─── SUPPLIED DATA ───
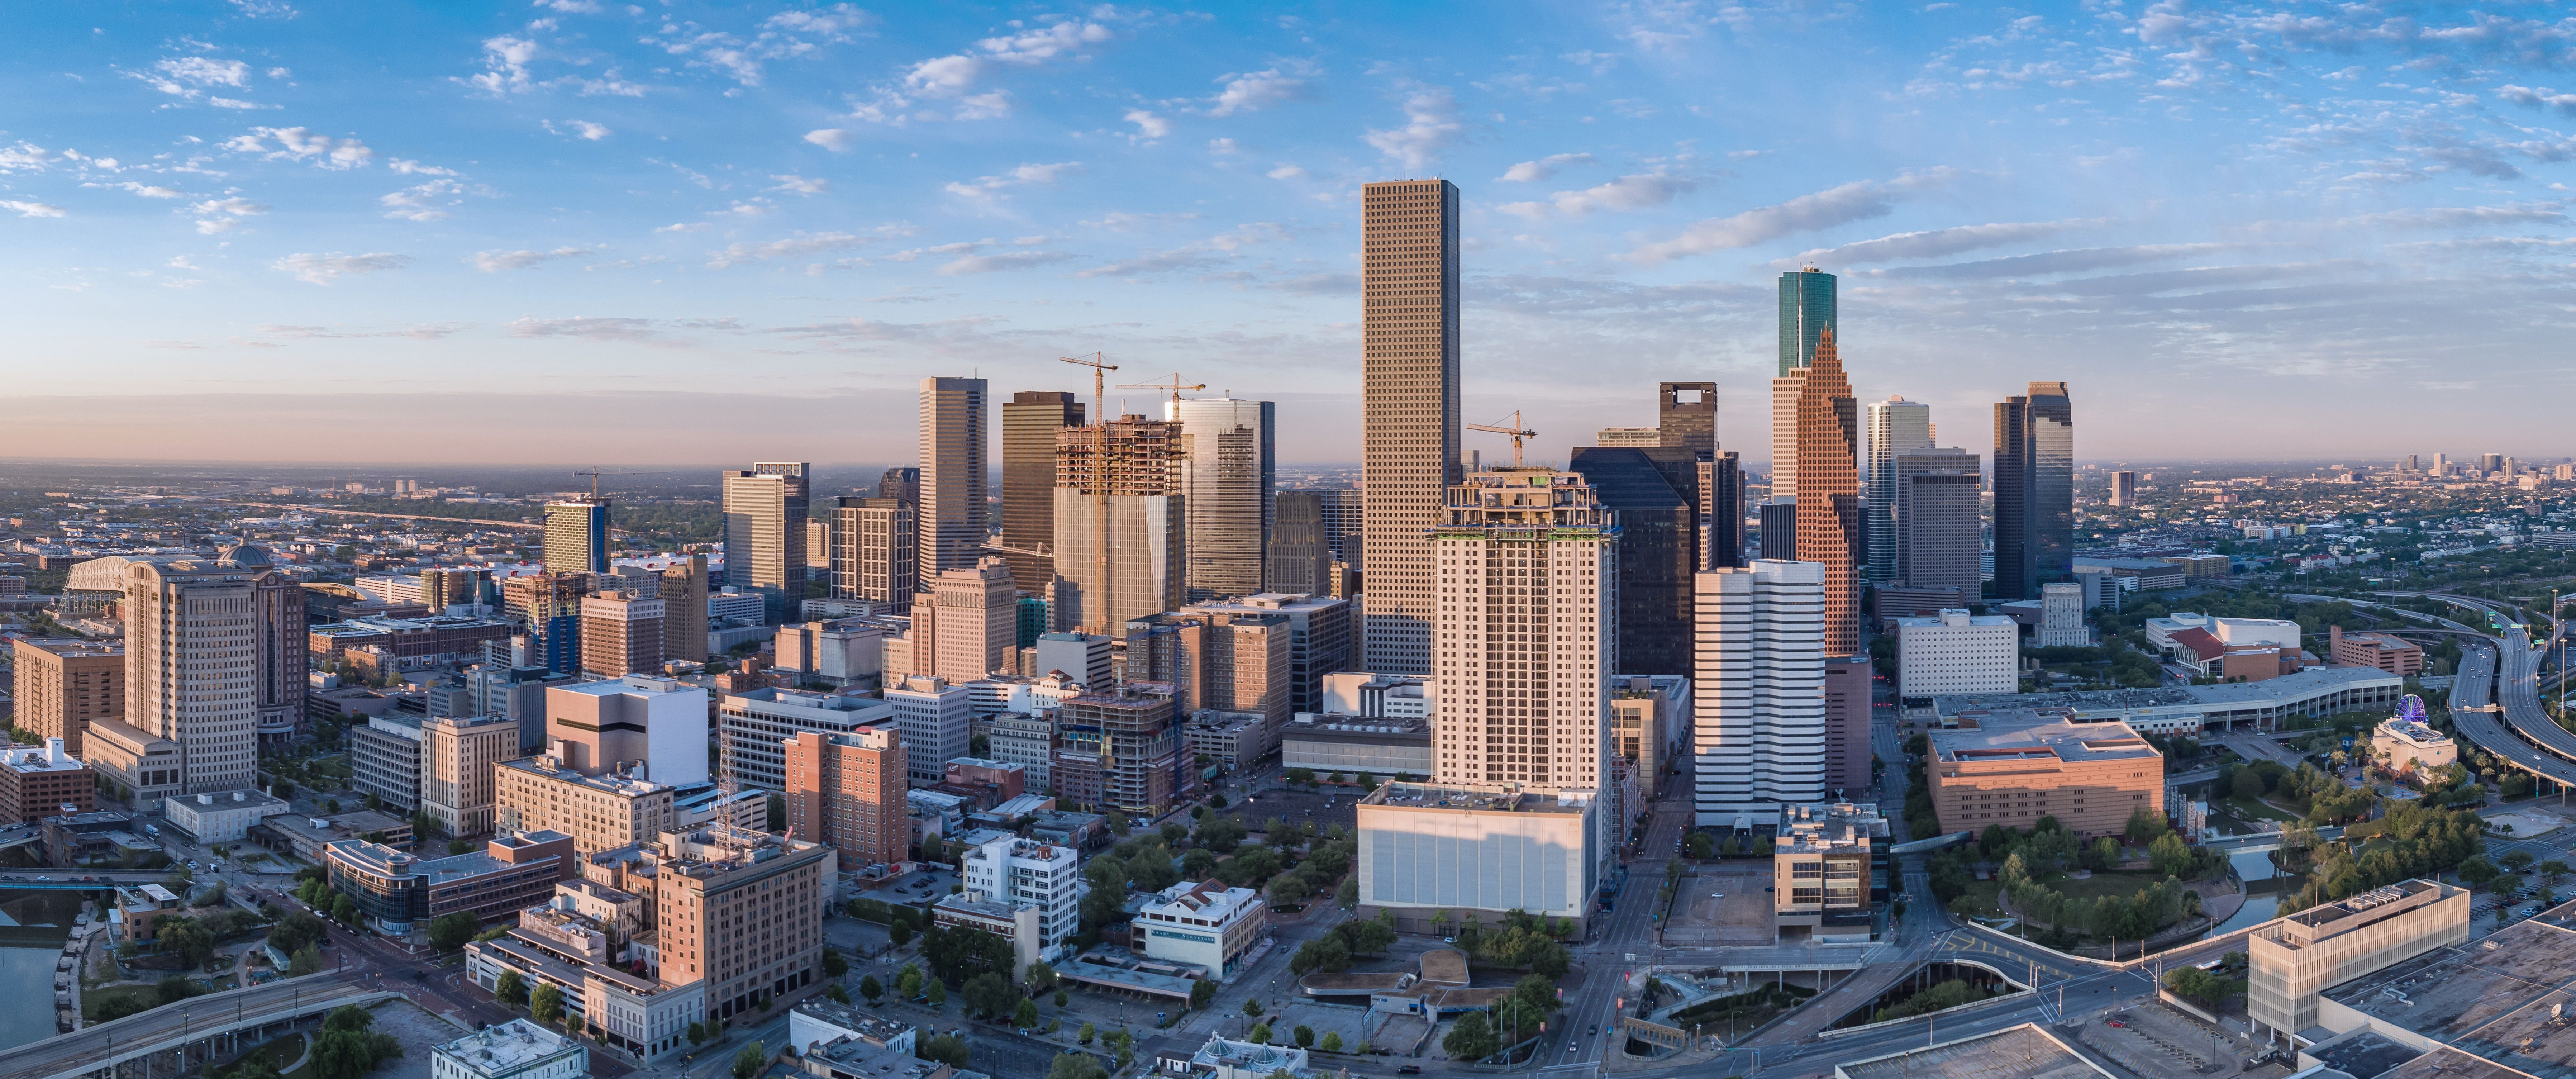 Houston (CBD) 2018 ERI Report
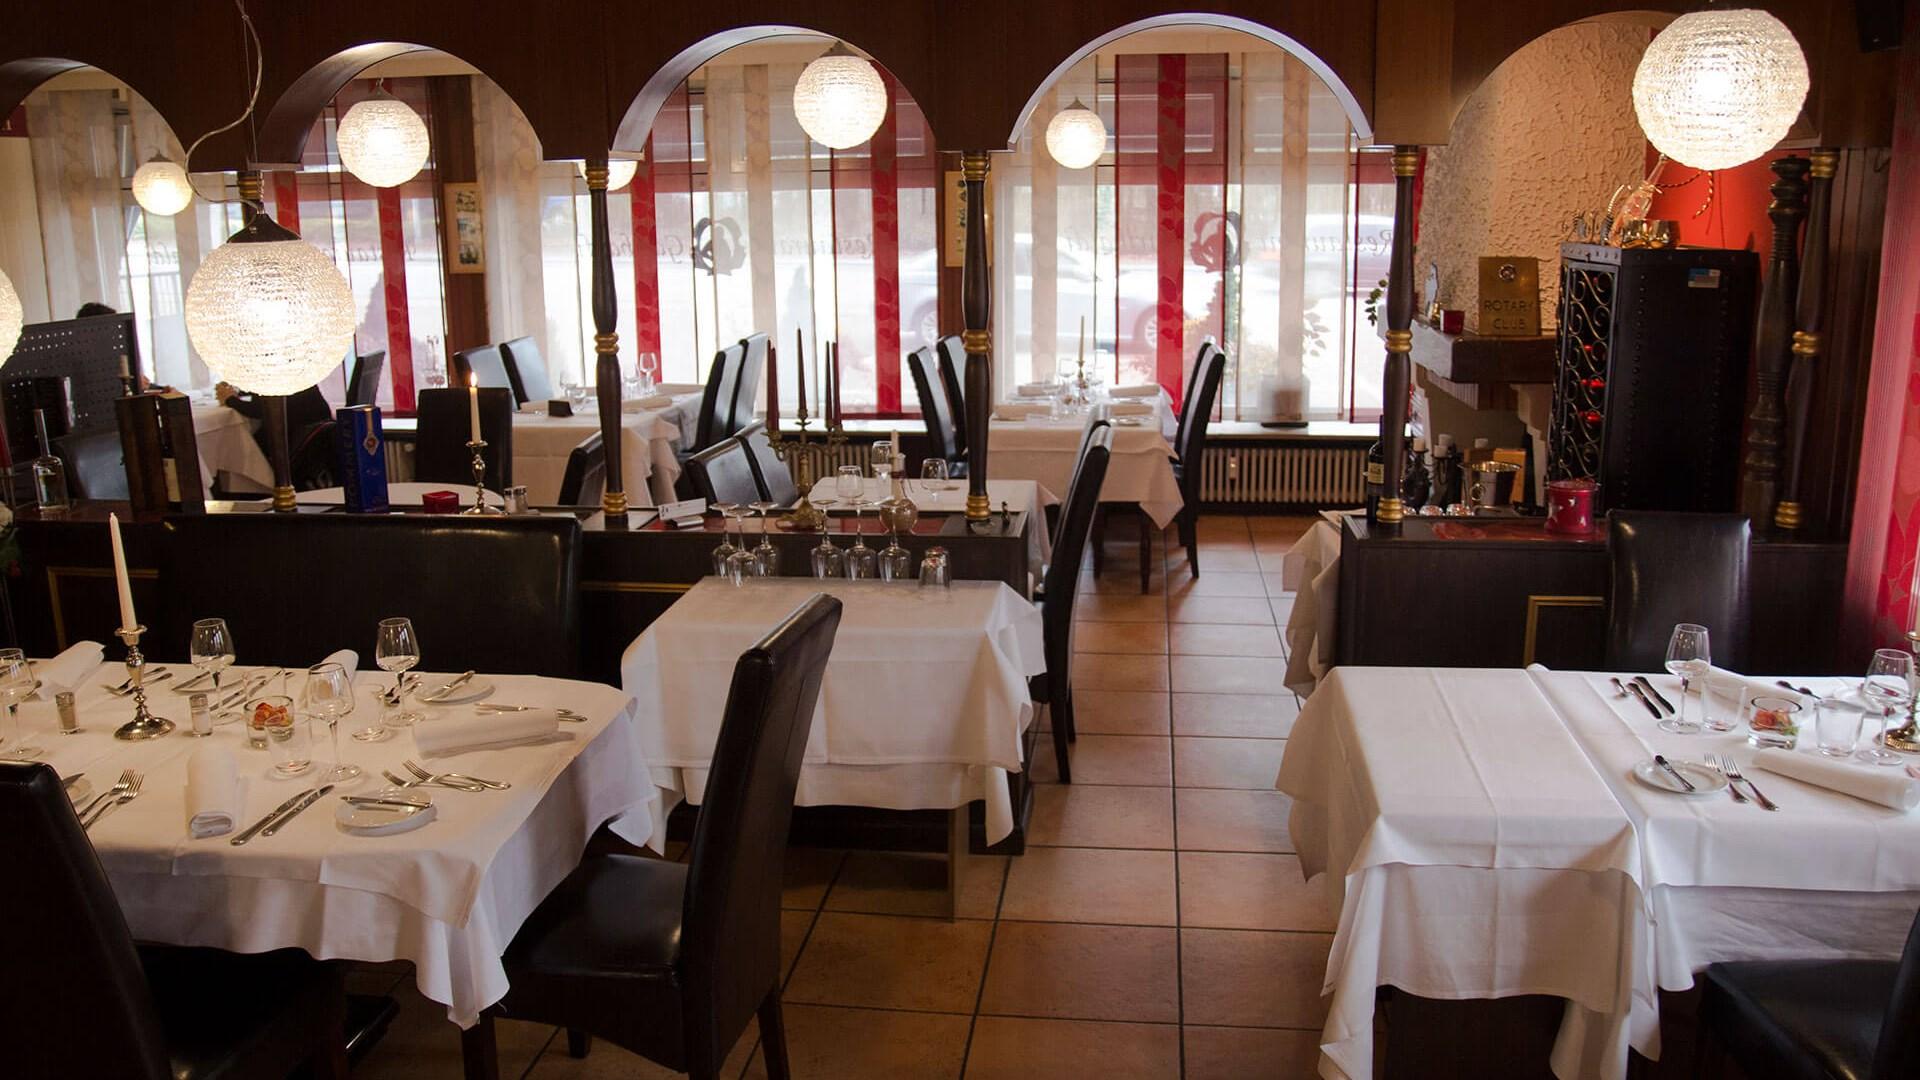 Willkommen - Restaurant Garibaldi - Dillingen
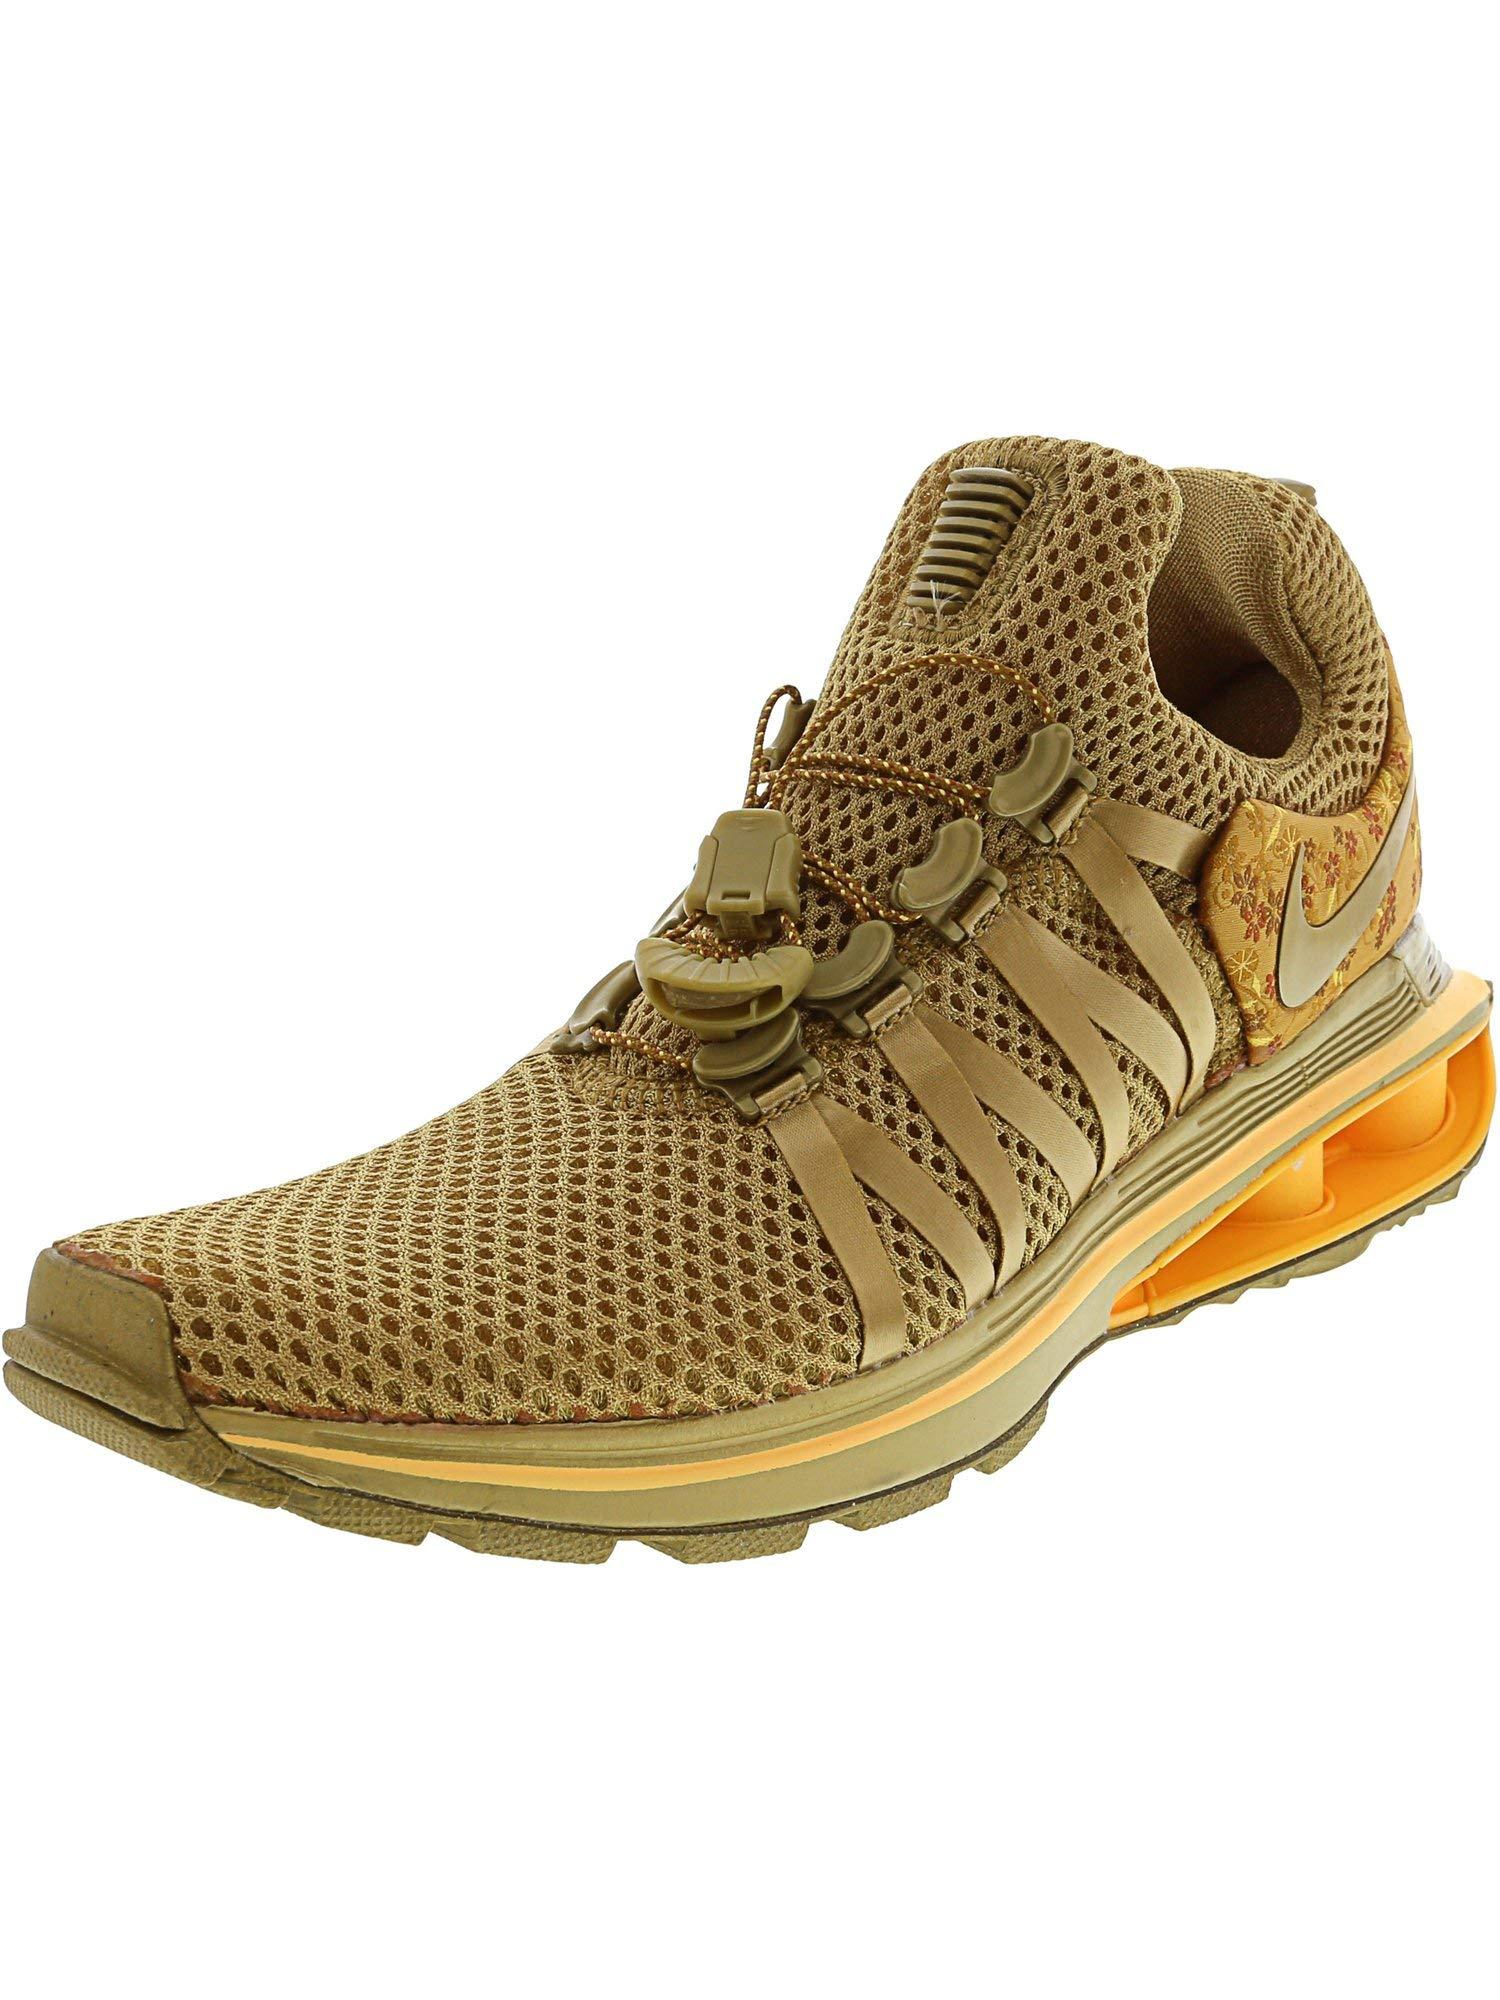 Nike Womens Shox Gravity Metallic Gold Running Shoe AQ8854-700 (6.5 B(M) US)
───
**TASK STATEMENT**
Copy out all the data exactly. No images belong in the copy.

**RESPONSE FOR THIS EXERCISE**
 Houston (CBD) 2018 ERI Report
 Willkommen - Restaurant Garibaldi - Dillingen
 Nike Womens Shox Gravity Metallic Gold Running Shoe AQ8854-700 (6.5 B(M) US)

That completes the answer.